→ Records to use
----
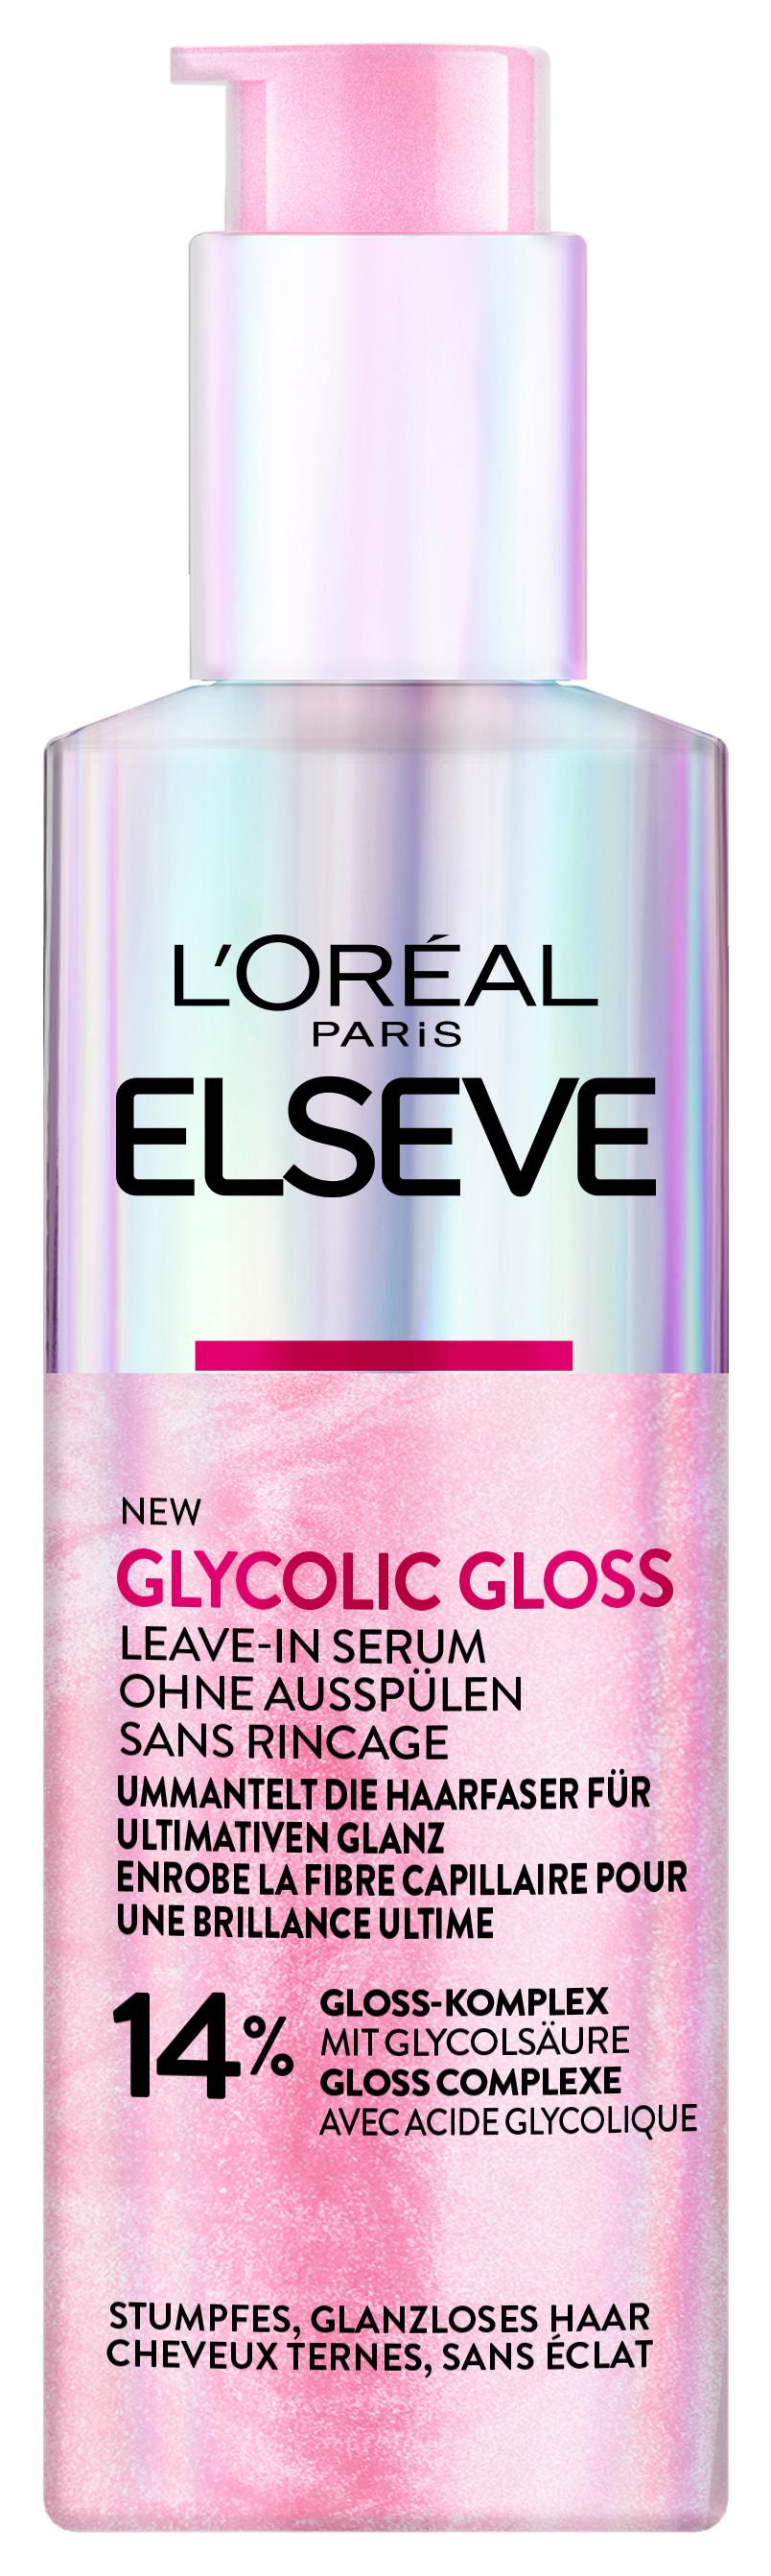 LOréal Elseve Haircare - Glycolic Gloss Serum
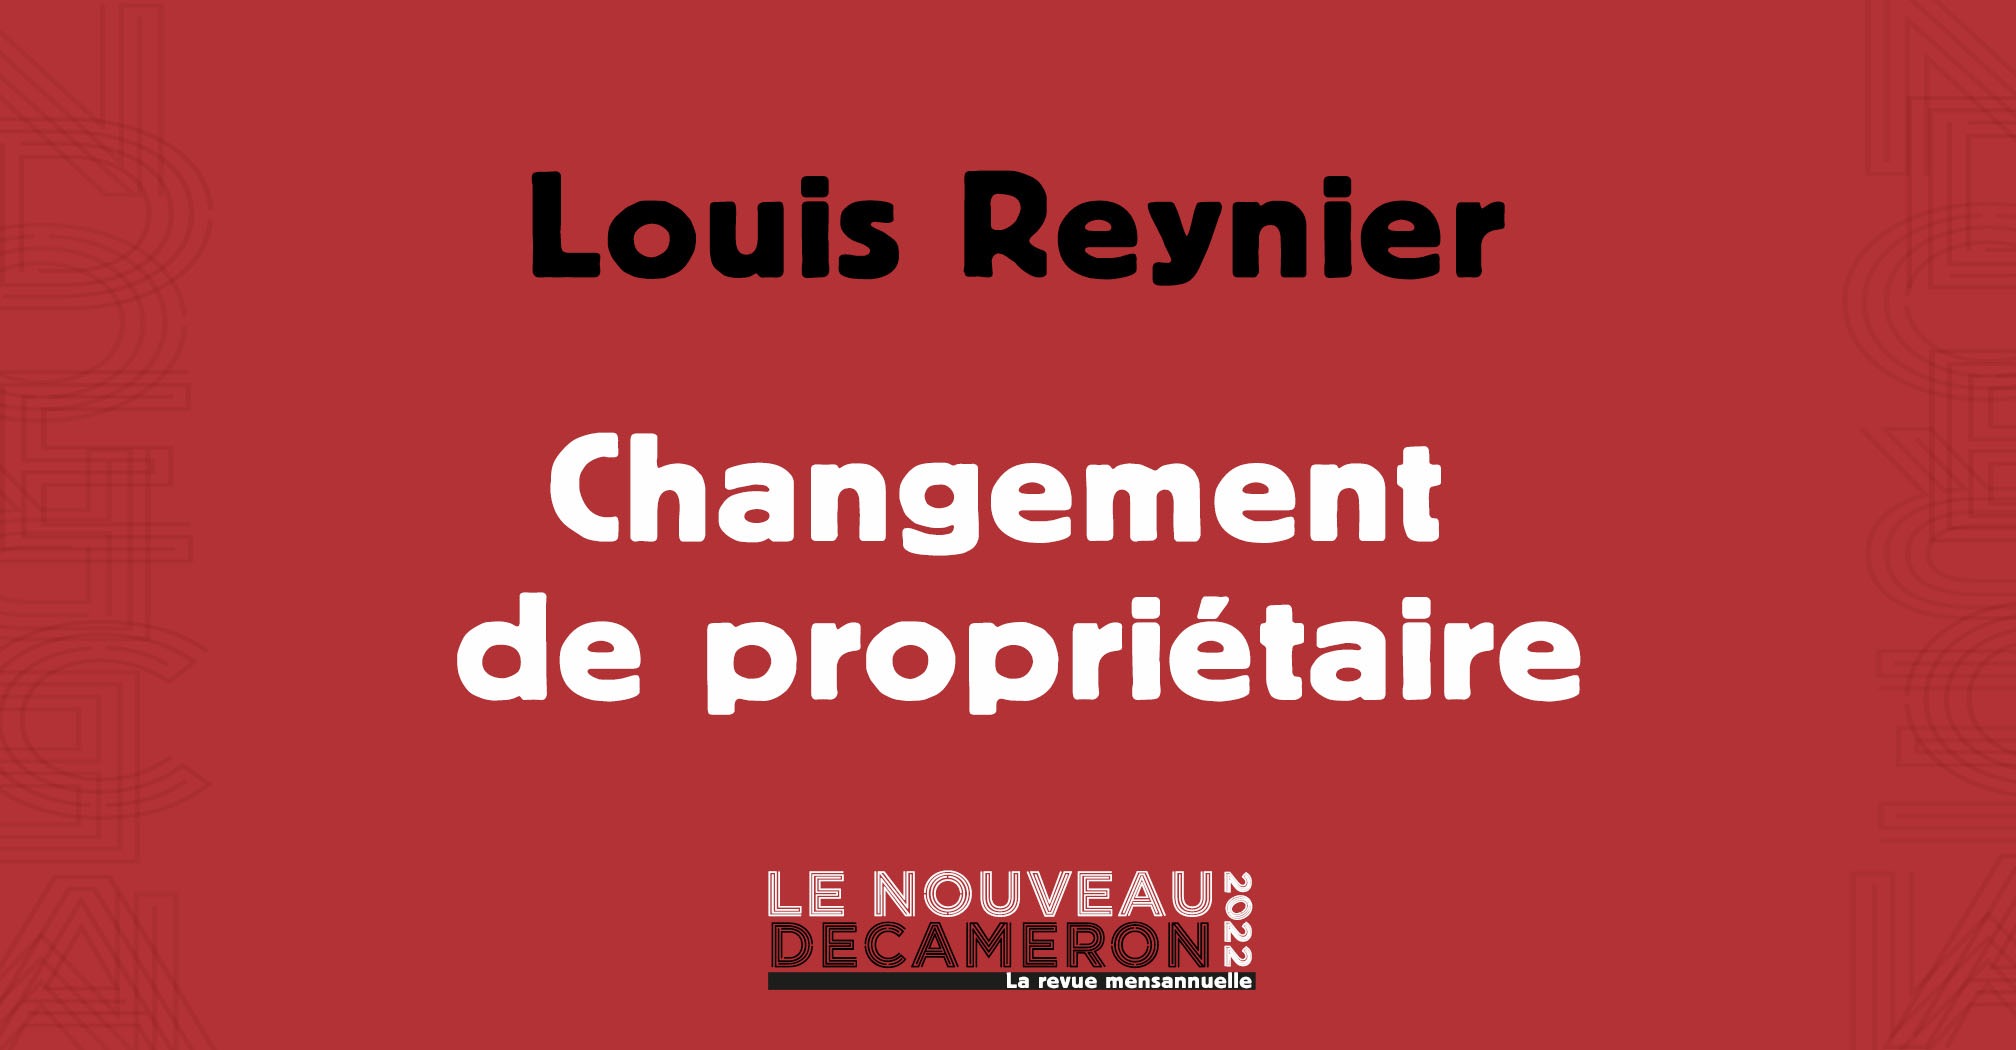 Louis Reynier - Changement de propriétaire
----
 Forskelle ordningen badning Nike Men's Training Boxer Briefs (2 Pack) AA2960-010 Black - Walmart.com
----
Look above for the line containing "LOréal Elseve Haircare", then copy exactly from it through the line containing "Louis Reynier - Changement de propriétaire", keeping both and leaving out pictures. Add nothing else.

→ Your solution
 LOréal Elseve Haircare - Glycolic Gloss Serum
 Louis Reynier - Changement de propriétaire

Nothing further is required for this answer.